---------- Input ----------

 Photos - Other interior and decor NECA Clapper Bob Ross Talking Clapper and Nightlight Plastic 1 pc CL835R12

----------
---------- Input ----------

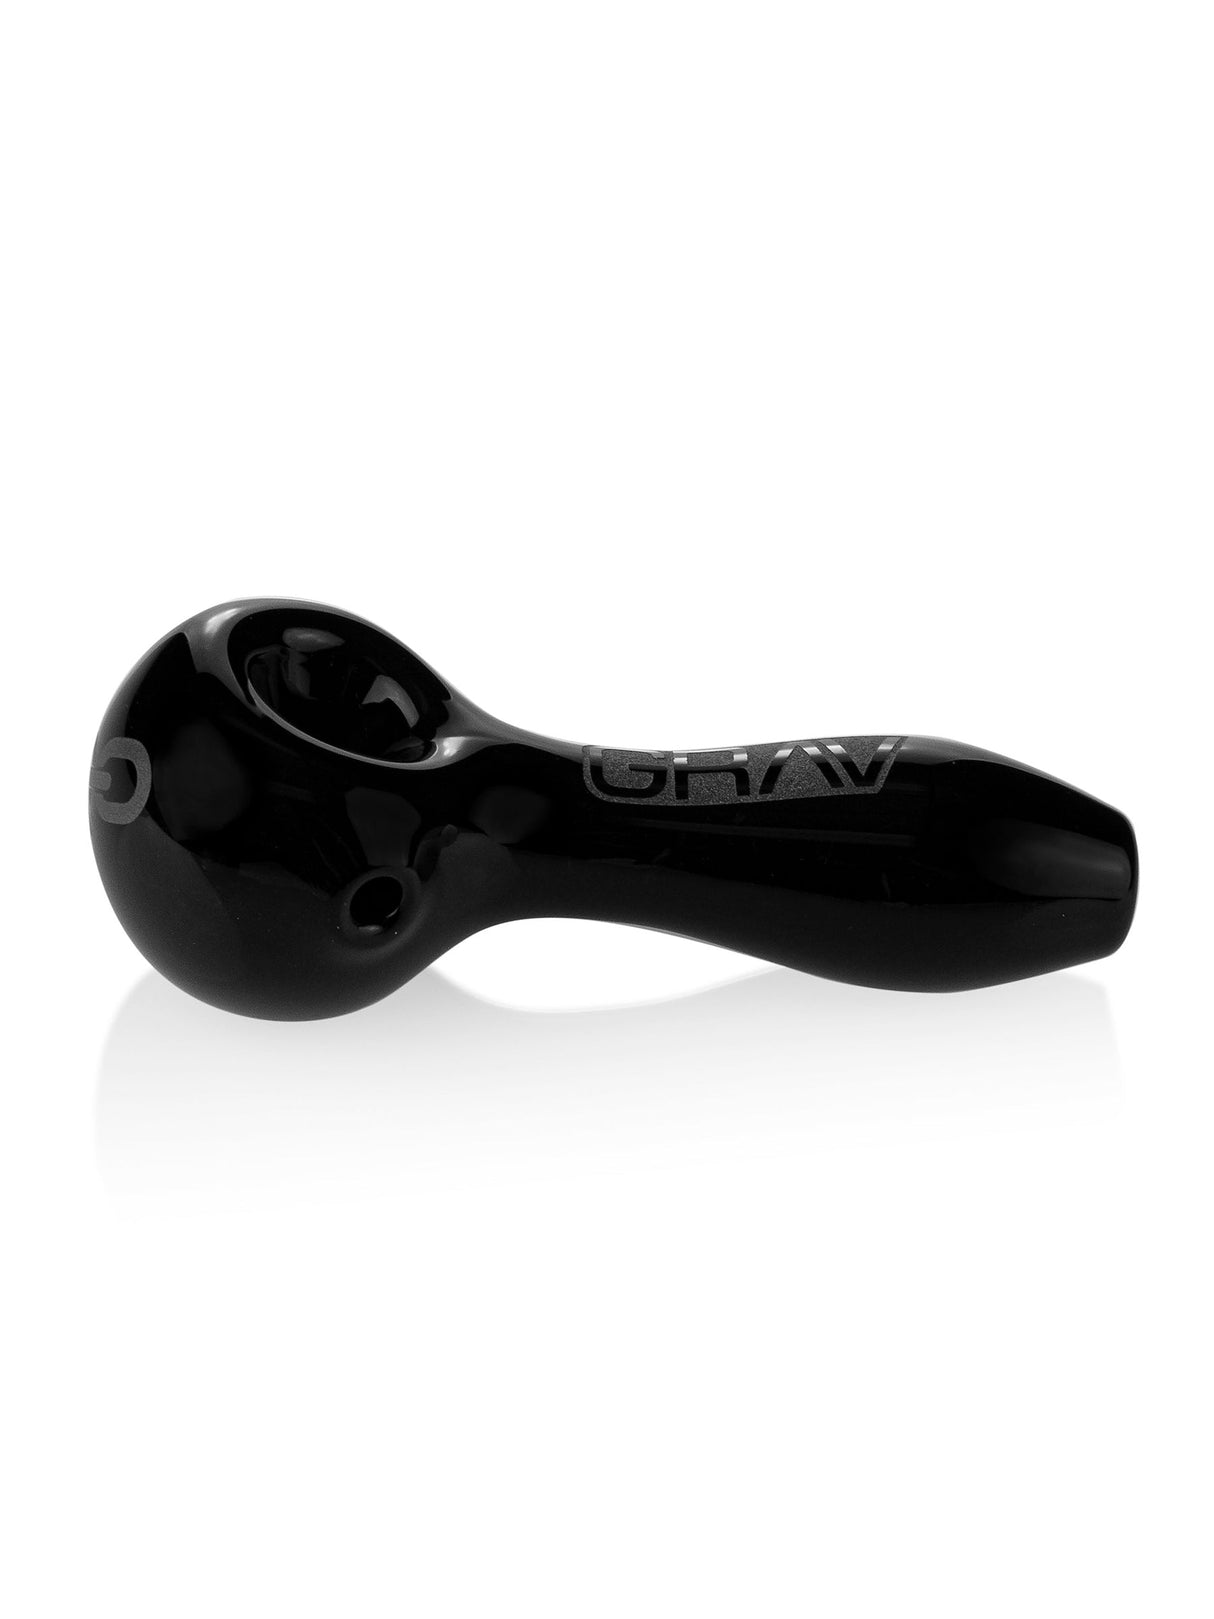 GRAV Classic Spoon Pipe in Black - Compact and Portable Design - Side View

----------
---------- Input ----------

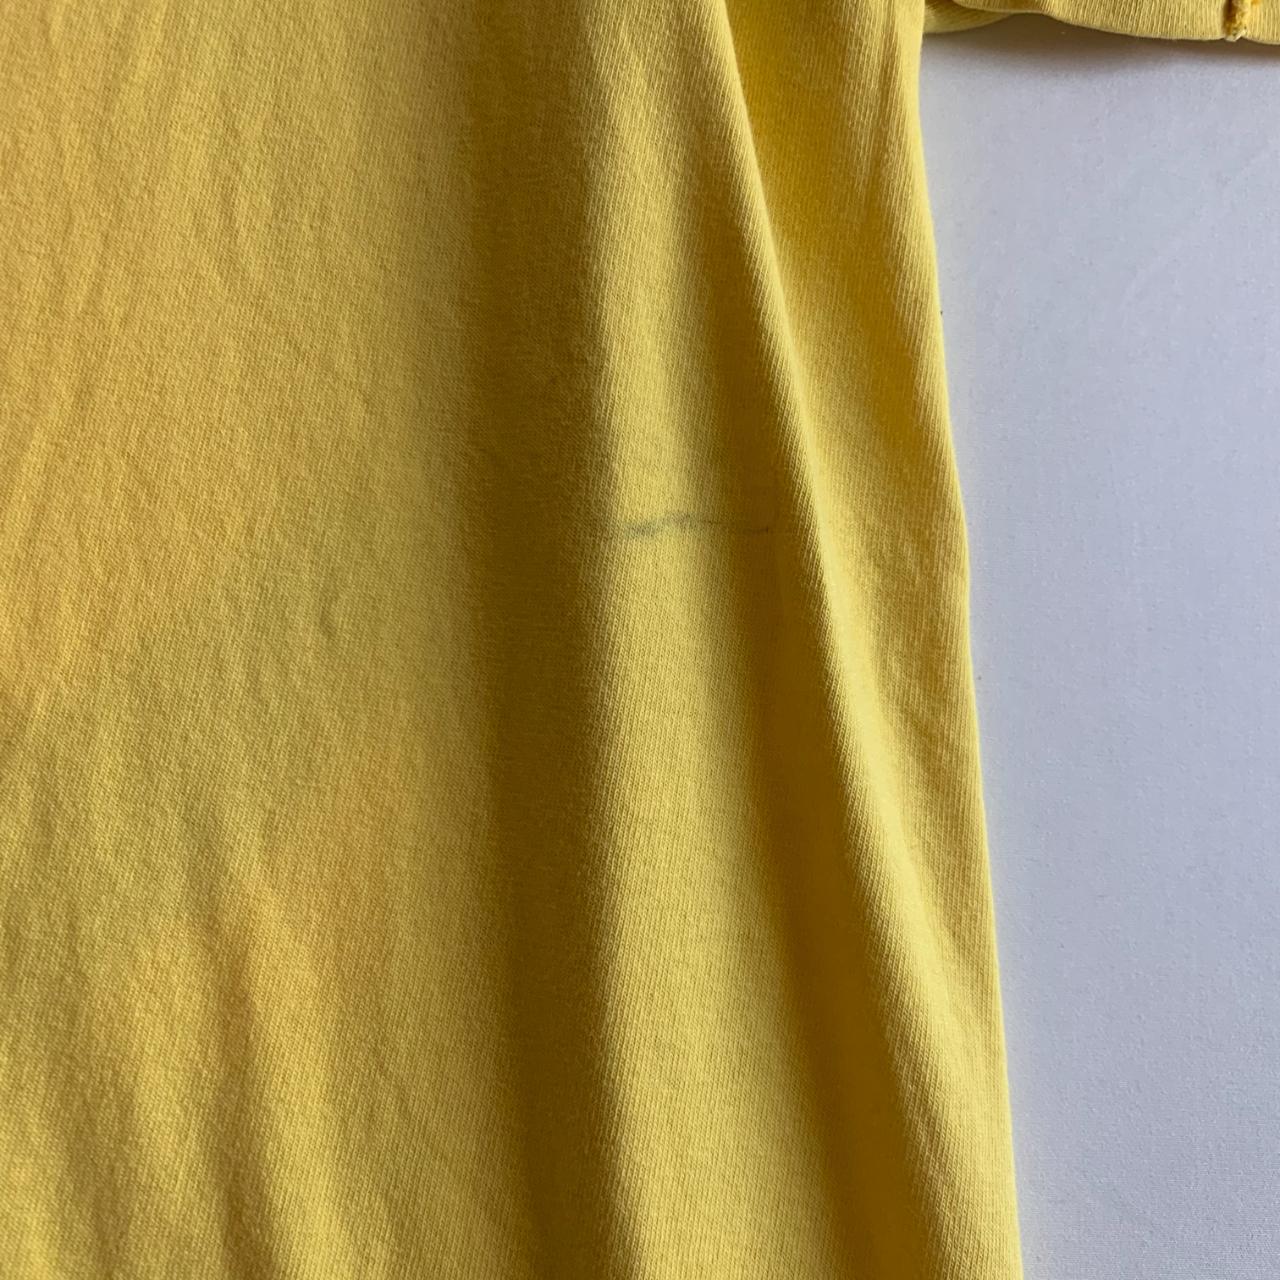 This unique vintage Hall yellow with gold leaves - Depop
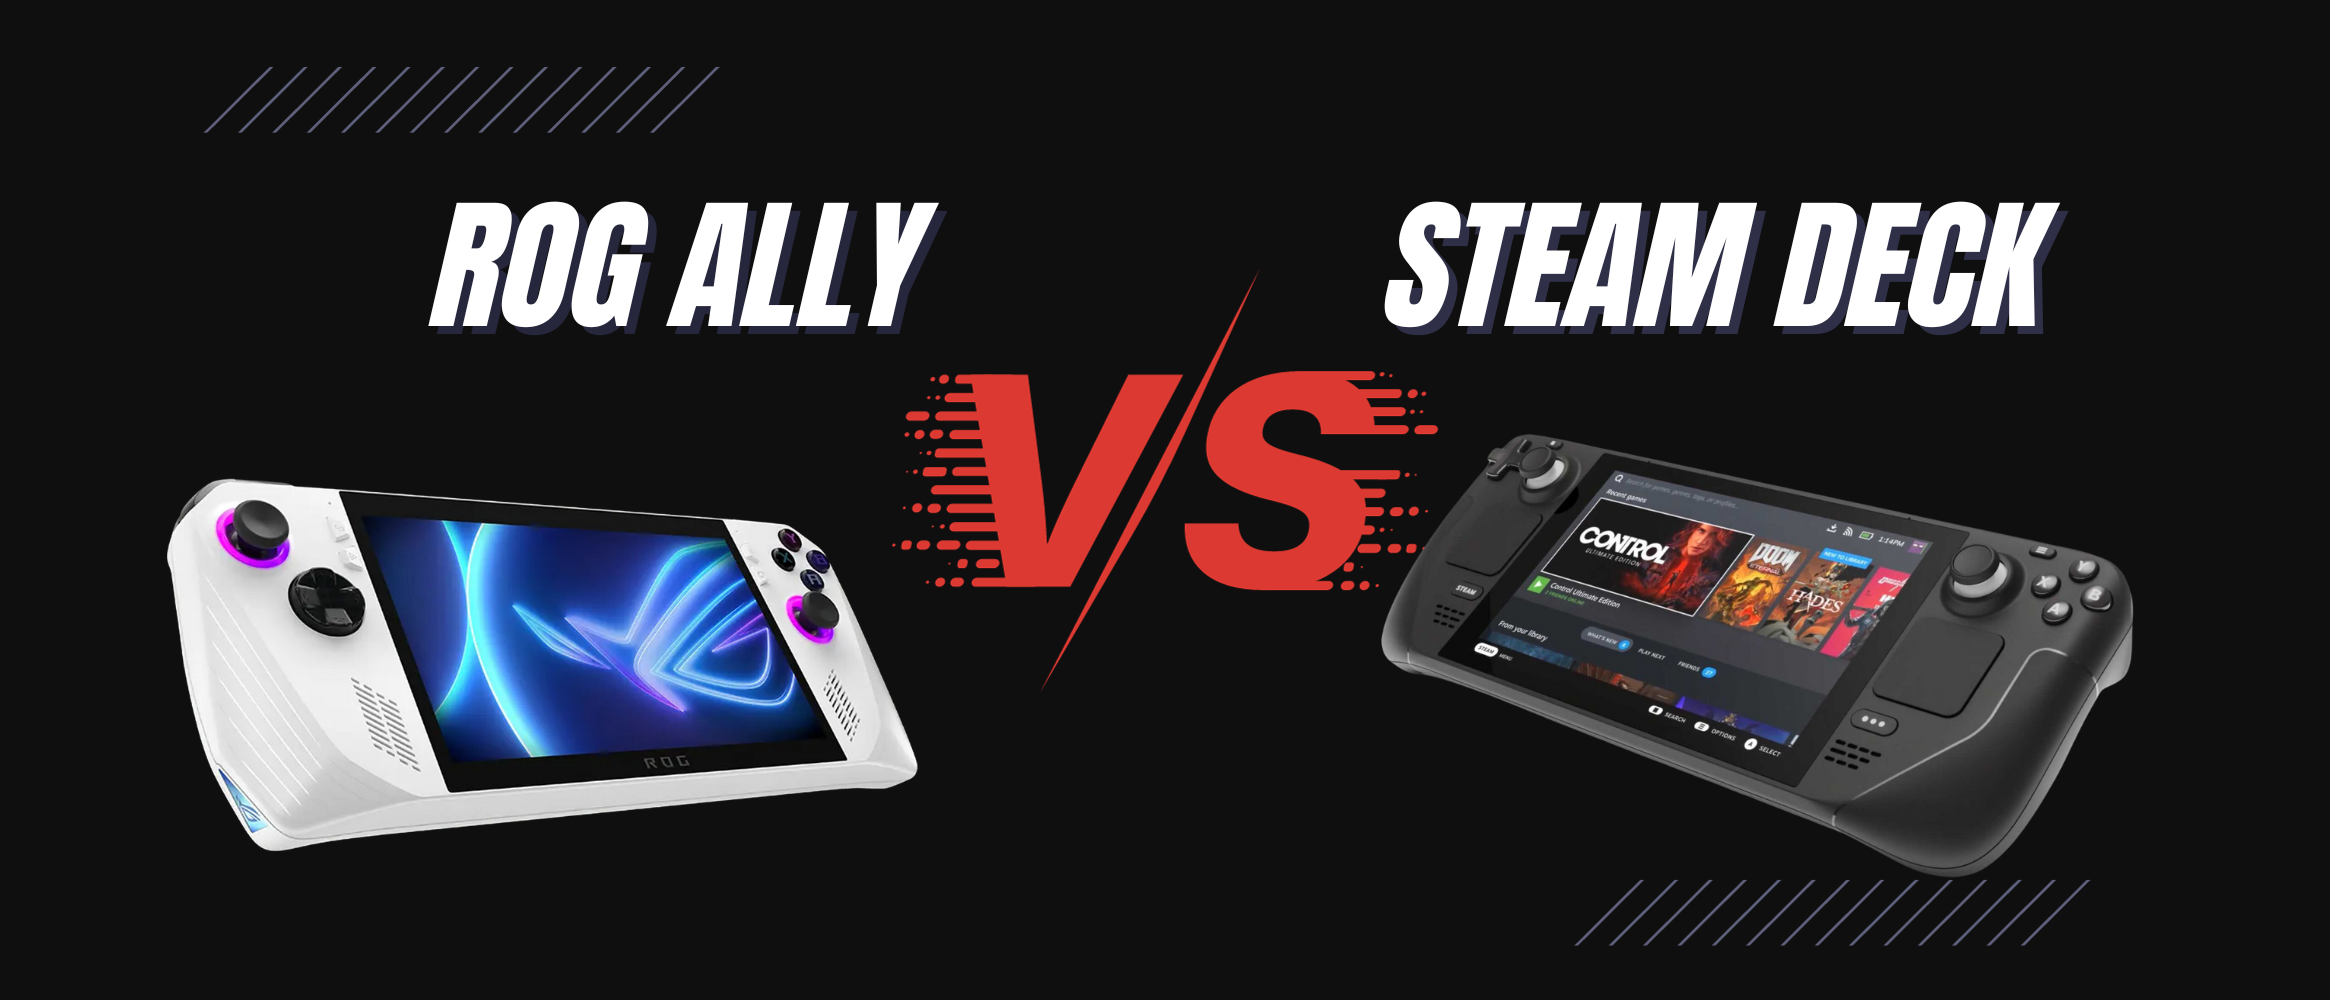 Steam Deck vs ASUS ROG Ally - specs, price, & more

----------

= Goal of the exercise =
From the listing above, repeat only the lines between the line containing "This unique vintage" and the line containing "Steam Deck vs", those two included. Pictures are not part of the copy.

= Result for this task =
 This unique vintage Hall yellow with gold leaves - Depop
 Steam Deck vs ASUS ROG Ally - specs, price, & more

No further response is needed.